I've proved that if $(X, d)$ is a geodesic metric space then there exists a graph which is quasi-isometric to $X$. During this proof I've precisely used the fact that given two point in $X$ there exists a distance minimizing curve inside $X$ joining those two points.
After this I've tried to generalize my proof for arbitrary metric space, which I could not. Now I think it is not true in general. I've an intuitive guess for a counter-example: consider $X=\{x_i \mid i \in \mathbb{N}\}$ and $d(x_i,x_j)= |i^2 - j^2|$. I think for this metric space there dose not exists any graph quasi-isometric with $(X,d)$ but till now I could not able to prove it.
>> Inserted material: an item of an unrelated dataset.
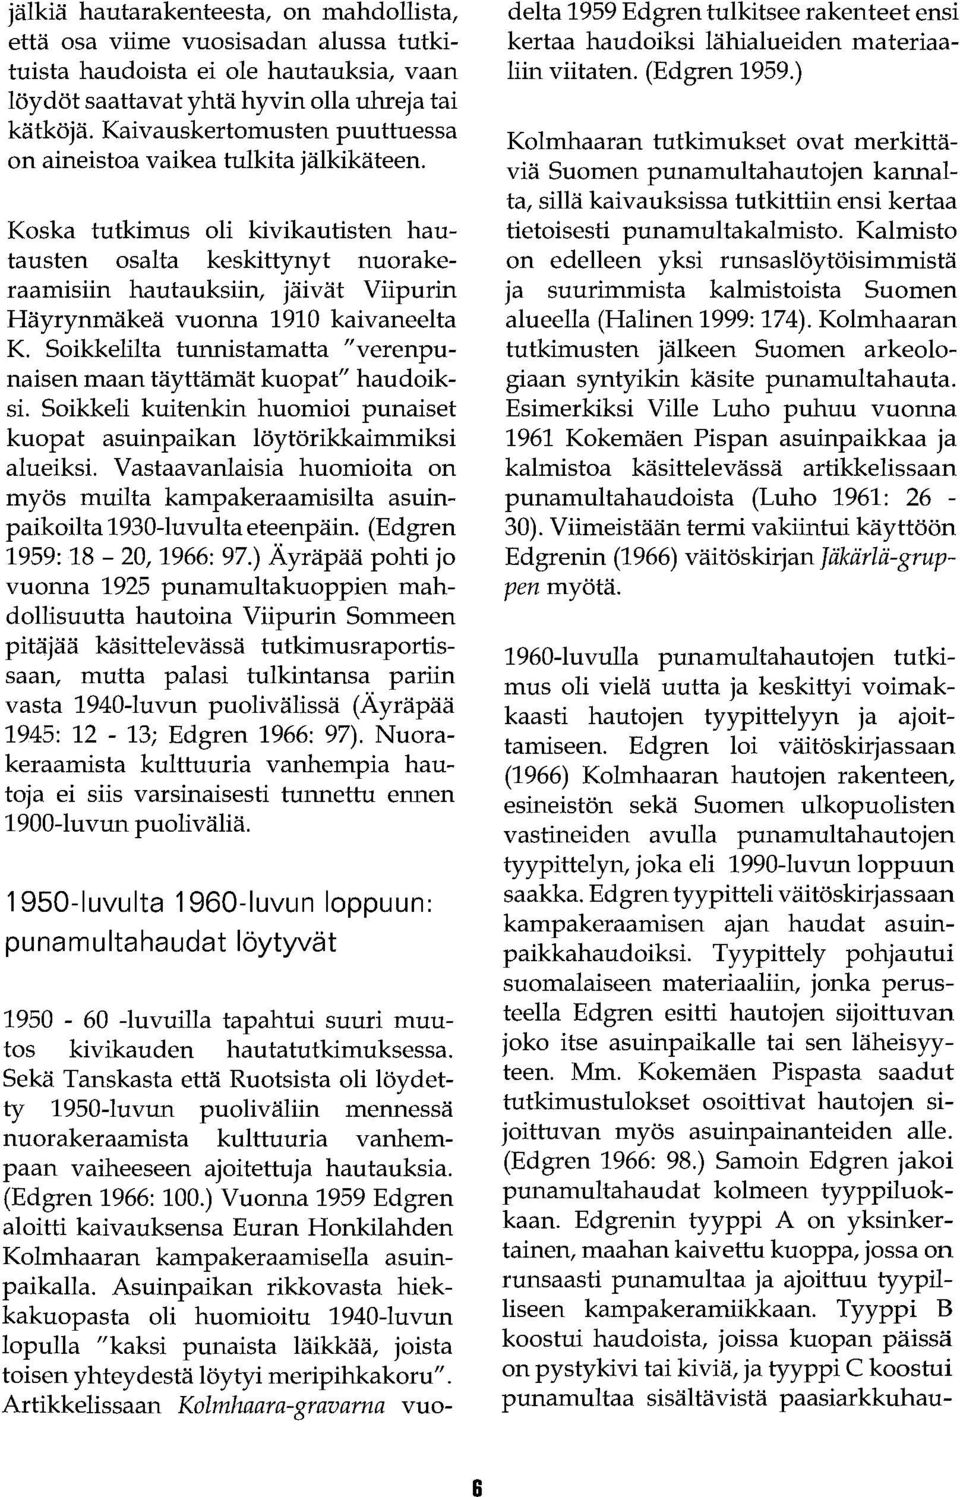 Koska tutkimus oli kivikautisten hautausten osalta keskittynyt nuorakeraamisiin hautauksiin, jäivät Viipurin Häyrynmäkeä vuonna 1910 kaivaneelta K.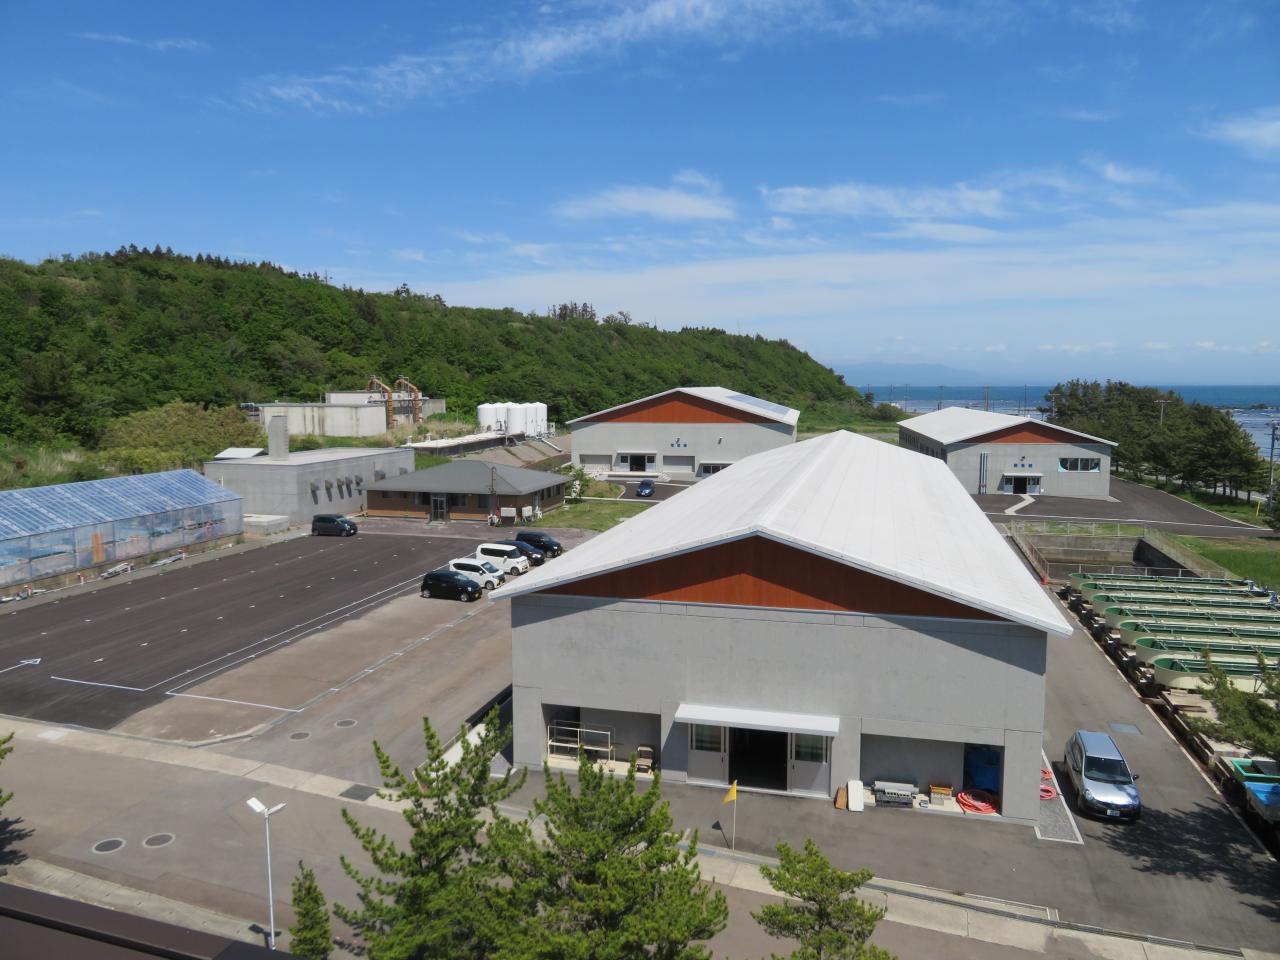 本館棟屋上から眺めた栽培漁業施設 [142KB]

Can anybody provide me some hints or some counter-example for this fact, or may be some proof of the fact that given any metric space there exists a graph quasi-isometric to that space?
The answer is negative. A metric graph $G$ is path-connected: any two points can be joined by a continuous path $\gamma:[0,1]\to G$. A quasi-isometry can destroy path-connectivity, but only to a point. Namely, if $f:G\to X$ is a quasi-isometry then the composition of a continuous curve $\gamma :[0,1]\to G$ with a quasi-isometry $f:G\to X$ is a function $g:[0,1]\to X$ that does not jump by more than $B$; that is, its pointwise oscillation, defined as $$\omega_g(x) = \limsup_{y\to x} |g(y)-g(x)| $$ is at most $B$ for every $x$. One may call such functions $B$-roughly-continuous.
Your example, $\{n^2 : n\in\mathbb{N}\}$, can be used here. Pick $n$ such that $(n+1)^2-n^2 > B$, and argue that there is no $B$-roughly continuous function from $[0,1]$ to $X$ that takes on the values $n^2$ and $(n+1)^2$. Indeed, for such a function both sets $\{t:g(t)\le n^2\}$ and $\{t:g(t)\ge (n+1)^2\}$ would be nonempty, disjoint, and open in $[0,1]$.
(For example: if $g(t)\le n^2$, then $t$ has a neighborhood in which $g<n^2+B+\epsilon$, but this means $g\le n^2$ in this neighborhood if $\epsilon$ is small enough.)